You can generate a keypair using the following command (requires openssl in your path):
openssl req -x509 -new -newkey rsa:2048 -nodes -subj '/C=US/ST=California/L=San Francisco/O=JankyCo/CN=Test Identity Provider' -keyout idp-private-key.pem -out idp-public-cert.pem -days 7300You will also need to generated a self-signed certificate of the SP functions
openssl req -x509 -new -newkey rsa:2048 -nodes -subj '/C=US/ST=California/L=San Francisco/O=JankyCo/CN=Test Identity Provider' -keyout sp-key.pem -out sp-cert.pem -days 7300You can also grab the development certificates from here.
There are cases where a developer may want to confirm that sentry error reporting is working.

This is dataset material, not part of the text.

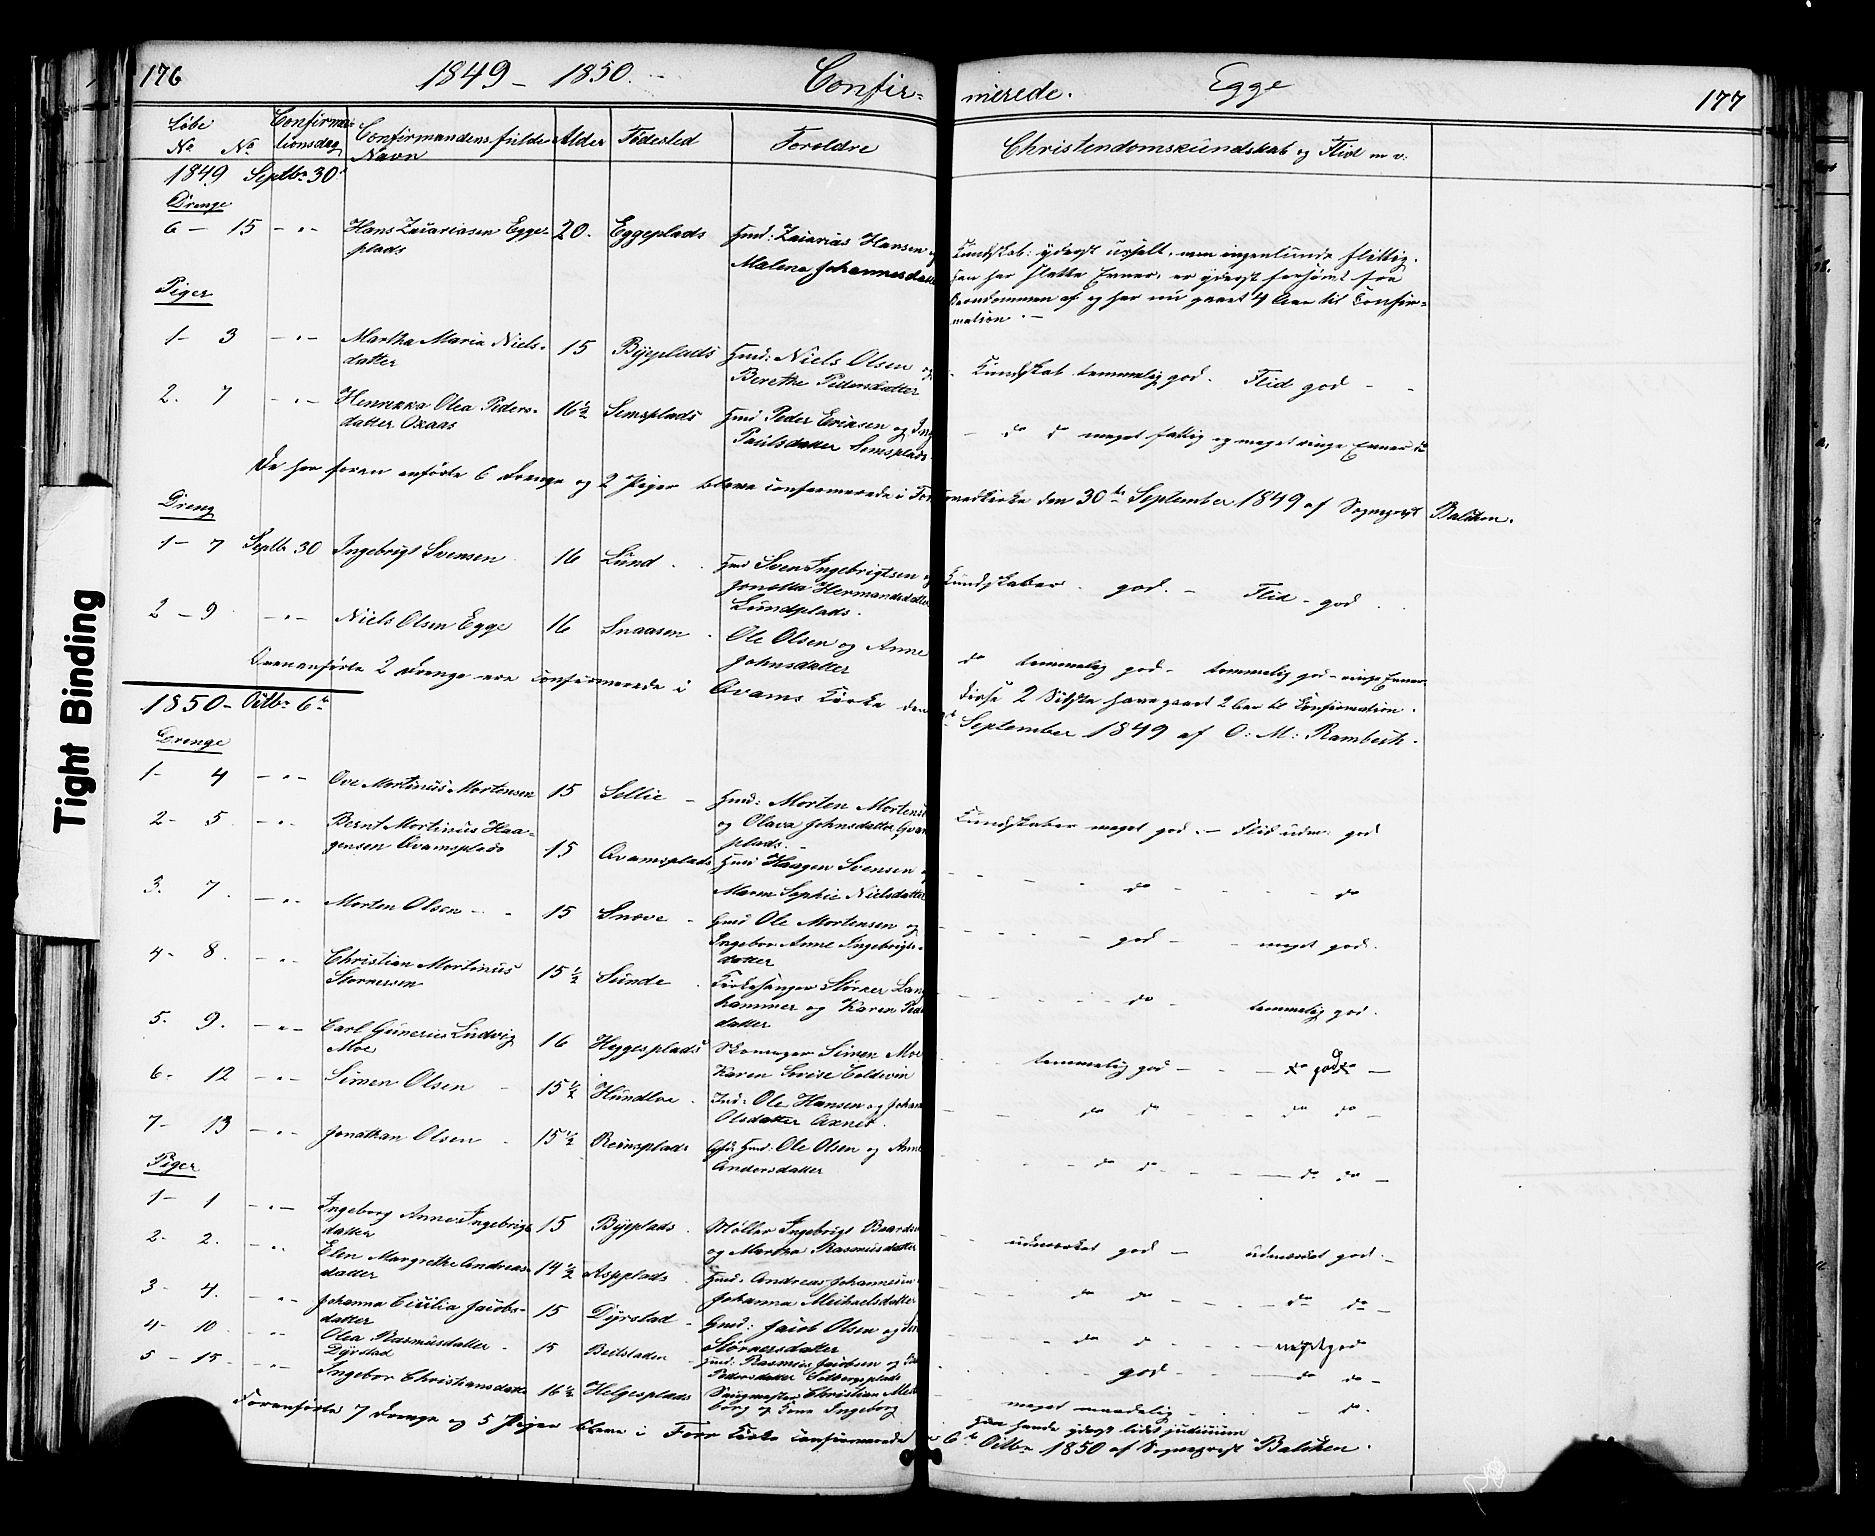 SAT, Ministerialprotokoller, klokkerbøker og fødselsregistre - Nord-Trøndelag, 739/L0367: Ministerialbok nr. 739A01 /3, 1838-1868, s. 176-177

Clone sentry/onpremise from github
git clone https://github.com/getsentry/onpremise.gitIn the onpremise repository run the following command and follow its prompts:
./initialize.shAfter initialization build project
docker-compose up -dyou can log into your local sentry instance at http://127.0.0.1:9000/.
Set the following variables in your local config:
"sentryDSN": "http://[email protected]:9000/1",
"sentryEnvironment": "TEST"To create an error run one of the following cases:
- Intercept a SAMLRequest and malform the xml.

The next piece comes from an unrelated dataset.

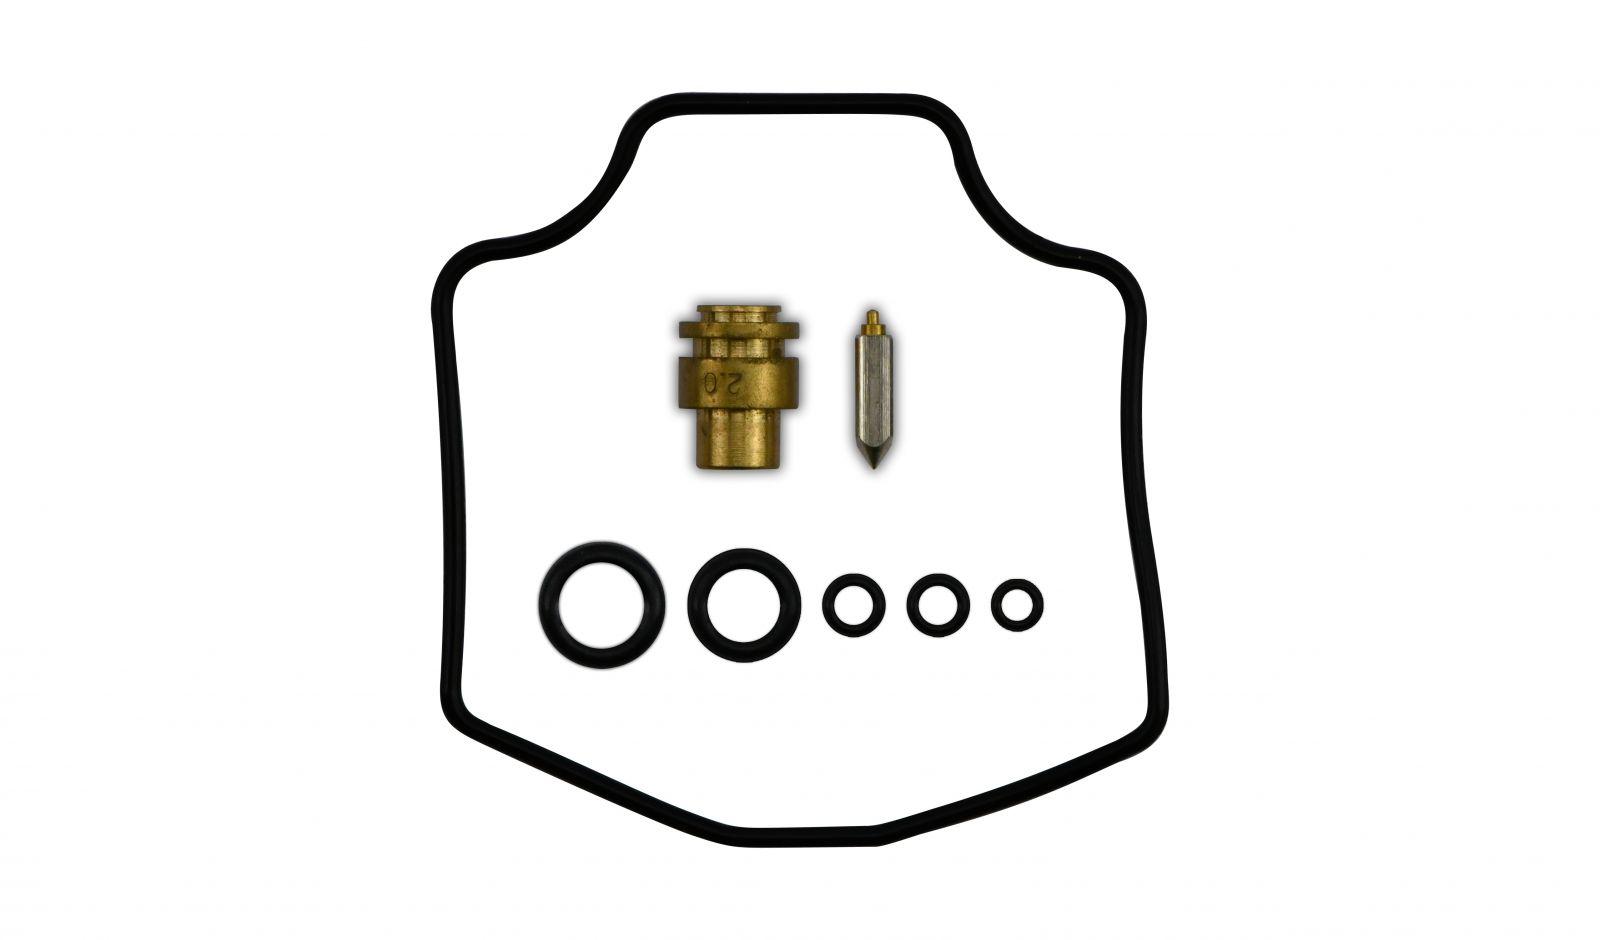 Carb Repair Kits - 350606H image

- Intercept a SAMLResponse and malform the xml.
The proxy fills both roles typically seen in a SAML interaction:
- It acts as an Identity Provider (IDP) relative to Okta. It receives a SAML request from Okta, and returns a SAML response.
- It acts as a Service Provider (SP) relative to selected IDP eg. Login.gov and ID.me. It sends a SAML request to the user-selected IDP, and receives a SAML response.
These two interactions are interleaved,
- the request received from Okta is re-signed and passed along to the coresponding IDP service. Then the respone from the IDP is validated, transformed, re-signed, and passed along to Okta.
Flow of the SAML login process:
+-----------------------+
| |
| User clicks |
| "Login with Va.gov" |
| |
+---|-------------------+
|
|
|
+---v---------------+ +-------------------------------+ +-------------------------+
| | | | | |
| GET /authorize | | POST /samlproxy/idp/saml/sso | | User is presented |
| Okta starts SAML +-----> Proxy receives AuthNRequest +-----+ with a list of IDP |
| | | | | login options |
+-------------------+ +-------------------------------+ | |
+----|--------------------+
|
+-----------------------------------------------------------+
|
|
|
+-----v------------------+
| |
| User selects |
| one of the IDP options |
| |
| Eg: Login.gov, ID.me, |
| DS Logon, or |
| My HealtheVet |
+-----|------------------+
|
|
+--------v-------------------+
| |
| The IDP service gets the |
| AuthNRequest with the |
| corresponding AuthNContext |
| |
+--|-------------------------+
|
|
|
|
|
| +-------------------------------+ +---------------------------+
+-v------------+ | | | |
| | | GET /samlproxy/sp/saml/sso | | Proxy POSTS SAMLResponse |
| User logs in +----> Proxy receives redirect from +----> To Okta |
| | | the IDP service with the | | |
+--------------+ | SAMLResponse | +---------------------------+
| |
+-------------------------------+
This is a hybrid JavaScript/Typescript application. Our goal is eventually have it be completely written in Typescript, therefore all new features should be written in TypeScript and have accompanying test written using Jest.